The Members GroupPayment processor The Members Group released on Monday the third fraud-themed white paper in a series of four aimed at helping financial institutions empower cardholders to prevent card fraud.

TMG Senior Fraud Prevention Analyst Nicole Reyes, the author of the paper, said recent data breaches at major retailers were “long overdue” consumer wake-up calls.

“Even the most high-tech and human analysis systems are improved when cardholders are actively engaged in the monitoring and detection of red flags on their accounts,” Reyes said. “Much of this is due to the fact that today’s consumer fraud tools rely on triggers set by the cardholders themselves. Although fraud detection strategies are becoming extremely granular with every new version of fraud-prevention software, a consumer remains the best at predicting his or her own purchase behavior. Consumers are, therefore, most equipped to understand which types of transactions qualify as unusual for their accounts.”

The paper stressed consumer education by financial institutions as a means to help consumers prevent fraud.

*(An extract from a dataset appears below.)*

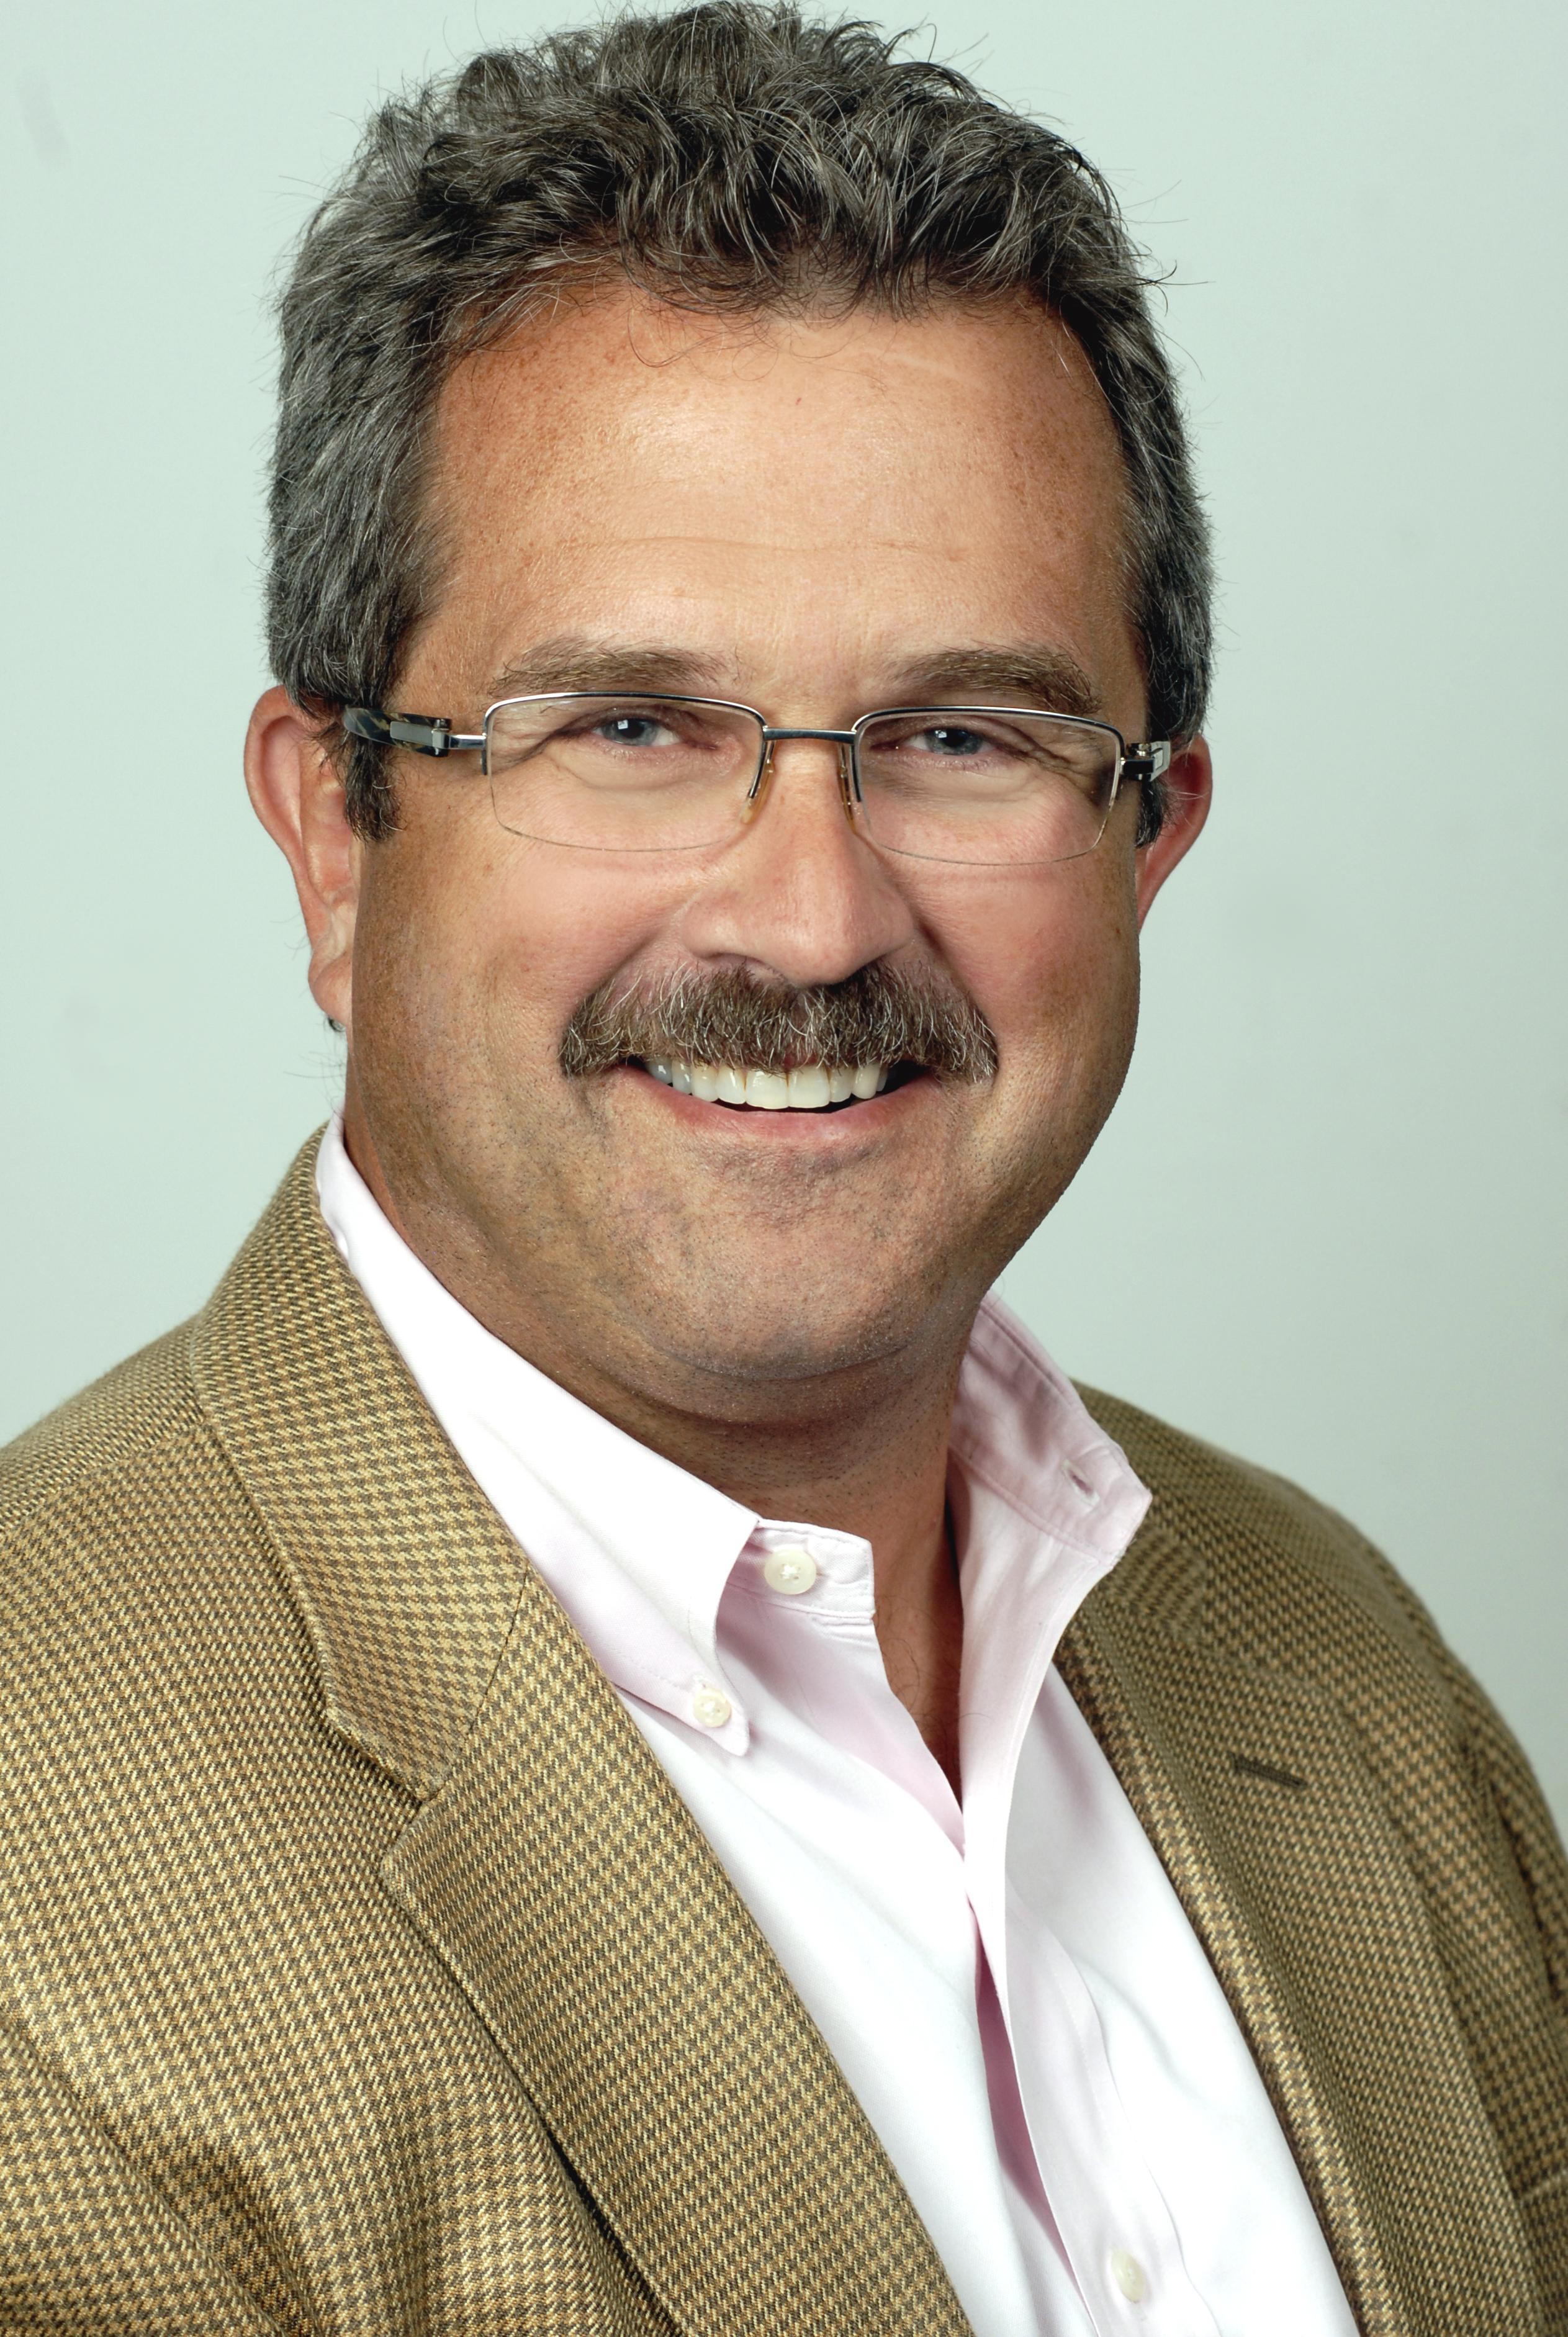 CEO Brian McMahon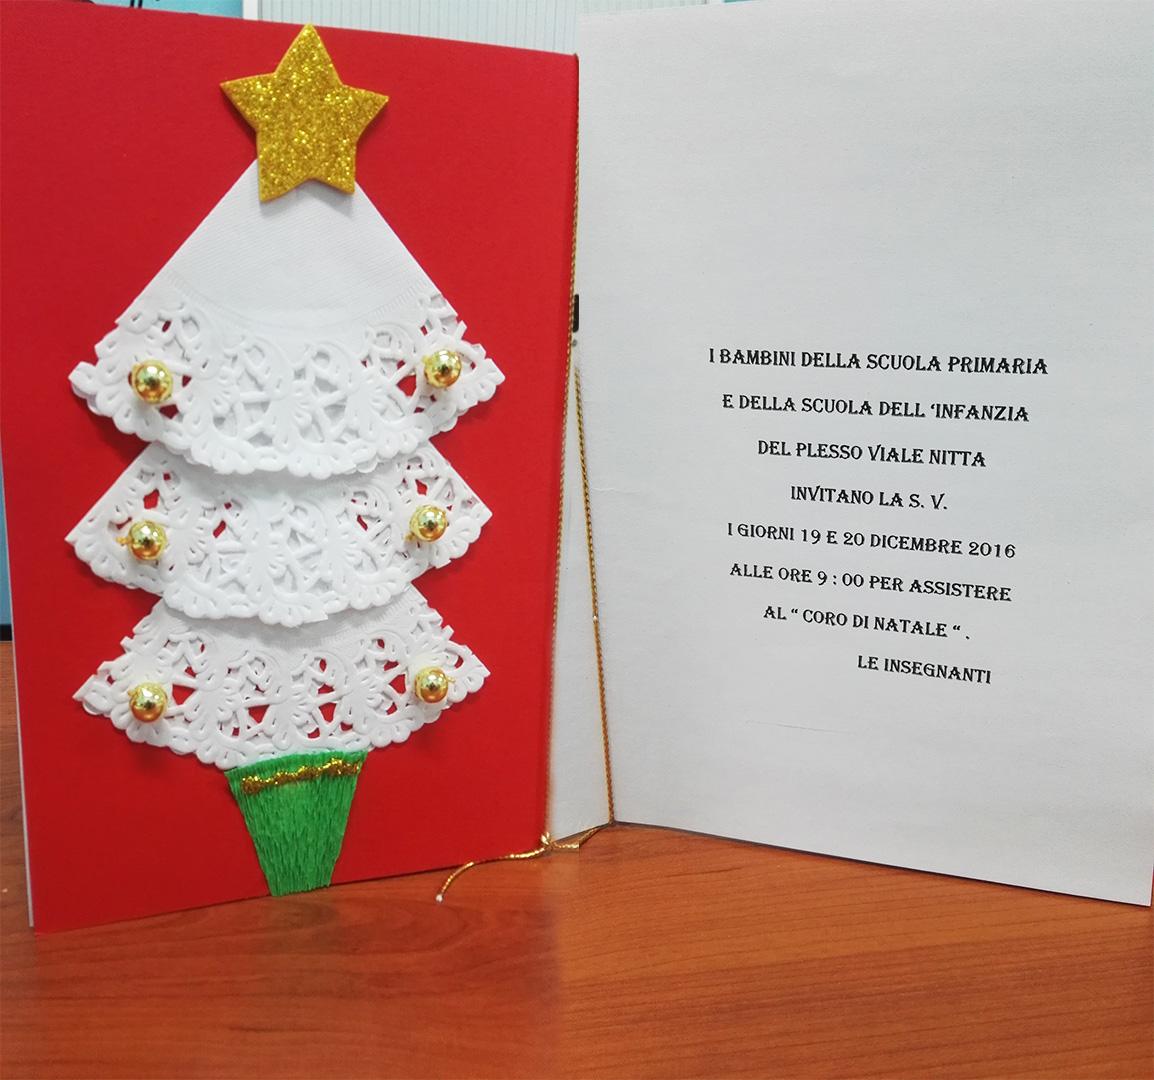 Invito di Natale 2016 Scuola dell'Infanzi e della Scuola Primaria

Reyes said consumer education is valuable for both the consumer and financial institution, adding that the number of communication outlets make it easy for financial institutions to share a large volume of information regarding fraud prevention.

Additionally, the paper encouraged financial institutions to provide fraud prevention tools to consumers. According to the paper, research from Javelin Strategy & Research showed that more than 50 percent of fraud victims in 2012 detected fraud using financial alerts, credit monitoring and identity protection services.

The paper pointed to fraud text alerts as instrumental in helping consumers detect and prevent fraudulent activity. The alerts are customized to an individual institution’s existing program, and if a transaction is flagged as unusual, human analysts then examine it and seek verification of the transaction from the cardholder.

Reyes said in the paper that cardholder involvement is just an added layer of protection to bolster the controls the institution already has in place.

“FIs should not feel the need to wait until after a major incident makes the news to deploy the above strategies,” the report said. “Counterfeiters often wait months to pull the trigger on their fraudulent transactions, so ongoing education about diligent monitoring of transactions is always a good idea.”